他捂着肚子缩成一团,心知自己已经落了下势,他一旦躺下,想再站起来就难了,然而没等他替自己捞一把心酸泪,正对着他的男人突然就这么直挺挺地倒了下去。
他一脸雷劈了似的往上一望,便看见一个熟悉的高个身影逆着光站在他面前,手上的棍子已经毫不犹豫地冲第二个人挥了下去,围着他的其他三个人这次有了防备,已经并没有那么容易得手了,于笠初见敲昏不成,立马往后退了一步,以防落入对方的包围圈,场面一时之间僵持不下。
“你怎么来了?”言晏激动之余不免心慌了起来,激动的是今天自己看来不用交待在这了,慌的是于笠初这么个平时懒懒散散的正经人样子,一看就不是打人的料,万一他战斗力太低,最后两人还得买一送一一起挨揍。
“细胳膊细腿的你能打吗,不行你赶紧跑吧,记得找人来救我。”
谁知对面那人影却是敌军围困万重山,我自岿然不动:“我已经报过警了,还有——”
“——肯定比你能打。”
说完那三个人不知道是被报警刺激到了还是被于笠初过于猖狂的气势刺激到了,突然一拥而上地朝于笠初扑了过去。
战局一触即发。
于笠初本意只想多拖延会时间,所以攻击多为限制对方的行动,本来对着脑子敲便能事半功倍,但他怕手抖不小心把人敲死便不太值当了,所以只能对着膝弯和要害关节下手,这会医生的好处便显了出来,于笠初下手堪称快准狠,又有竹棍做手臂延展用,所以三个人基本近不了他的身。
于笠初小时候学过很长一段时间的散打,身体素质本来也好,打架一直难逢对手,如今底子还在,加上这几年自己比较注重锻炼,所以倒是补足了年少时打架气力不足的缺陷,一时便显得所向披靡起来。

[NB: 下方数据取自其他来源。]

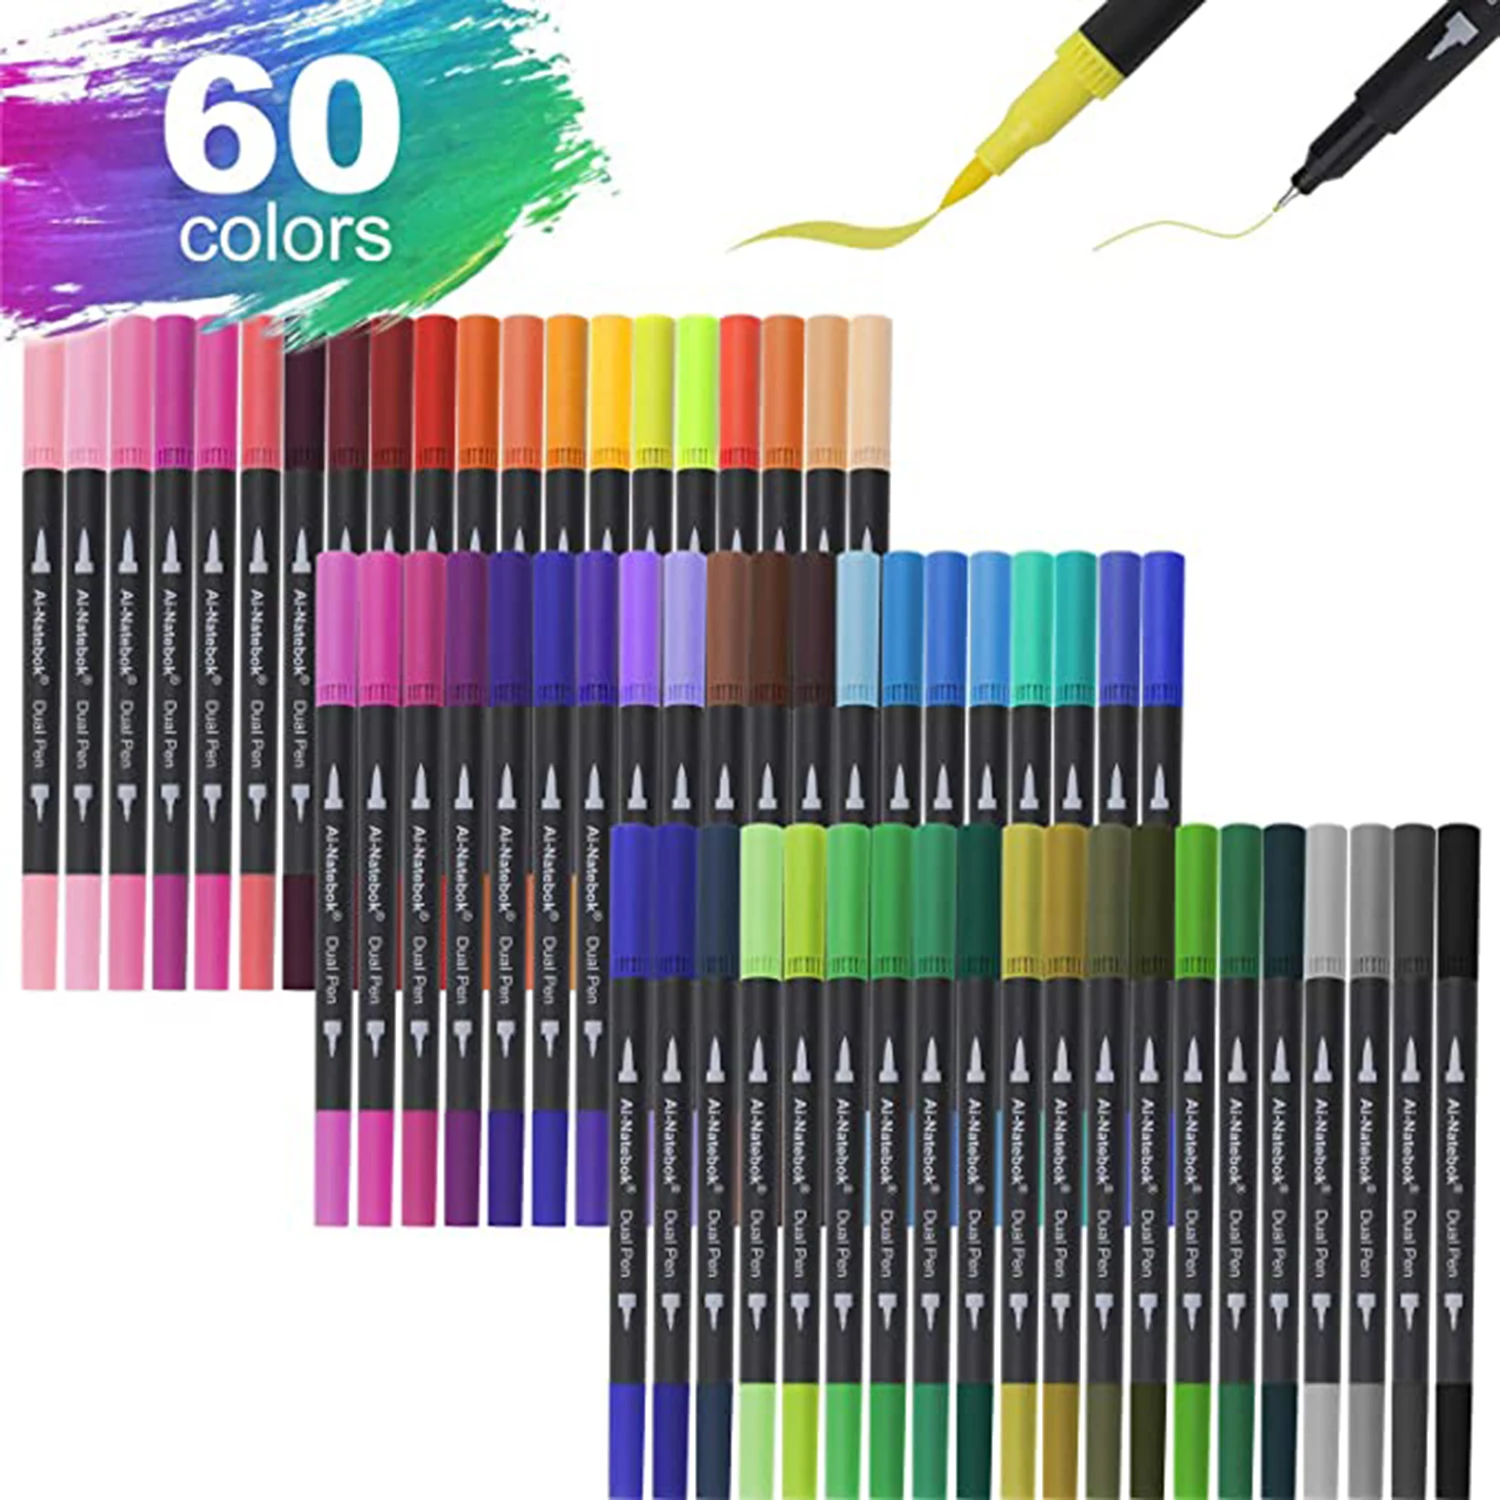 

60 Colors Dual Tip Brush Art Marker Pens Coloring Markers Fine & Brush Tip Pen for Adult Coloring Book Note Taking Art Supplier

那被敲晕的人渐渐有了苏醒的征兆,另外三人在缠斗中渐渐发现于笠初不是个好对付的角色,一时便起了退缩之心,三双眼睛都时不时向后头躺在地上的同伙望上一眼,于笠初将此看在眼里,大概明白了那躺着的十有**是四个人的领头,现在剩下的三个人没了主心骨,一时有些进退两难。
而正在这时,地上那男人突然捂着头慢慢爬了起来,于笠初想着再给他补上一棍,但一时又越不过去,正在踌躇间,远处警笛的声音仿佛临空天籁一下炸响在了夜空之中,从远处快速地往巷子这逼近,于笠初这才缓缓松了一口气,另外站着的三个人身上都多多少少吃了好几棍,此刻听见警笛更是有些慌了手脚,而那领头人也终于彻底站了起来。
于笠初警觉地看着他们四个,用力握了握手上的杆子。
“我不知道你们的意图是什么,但等警察过来你们肯定吃不了好,与其在这破罐子破摔,不如你们就此罢手,反正你们要跑我也拦不住你们。”
他知道自己拦不住四个人,目前最好的情况是对方停止行动赶紧离开,把人身伤害的可能降到最低,而那四个人也确实是这样做的,他们和于笠初互相对峙着缓缓转圈移动,等两边形成一左一右靠着墙的阵势,对方便提步准备往巷子口快速离开,于笠初这时才真正松了一口气,谁知道他一口气还没吐完,电光石火之间,意外横生。
只见那落在最后的领头人突然毫无预兆地从口袋里摸出了一把匕首,趁于笠初松懈之时快速朝言晏劈了过去。
于笠初那一刻并没有听见脑子里的声音,只有脚步先一步滑了出去,脑子里随之浮出的只有一个念头,那就是言晏绝不能有事。
刀刃的白光划破惨兮兮的黑夜,刺开血肉的声音无声无息却搅人耳膜,言晏细细分辨,却发现那只是自己剧烈的心跳声。
他一瞬间仿佛三魂去了七魄,五感只剩鼻息间能够闻到迢递的血腥气在空气中翻涌。
最后还是那持刀的人最先反应了过来,见一刀未成,只能收了凶器快速离开。
于笠初此刻脑门上已经全是冷汗,他的右手手臂划开了一道近五厘米长的口子,此刻正在不断往外冒血。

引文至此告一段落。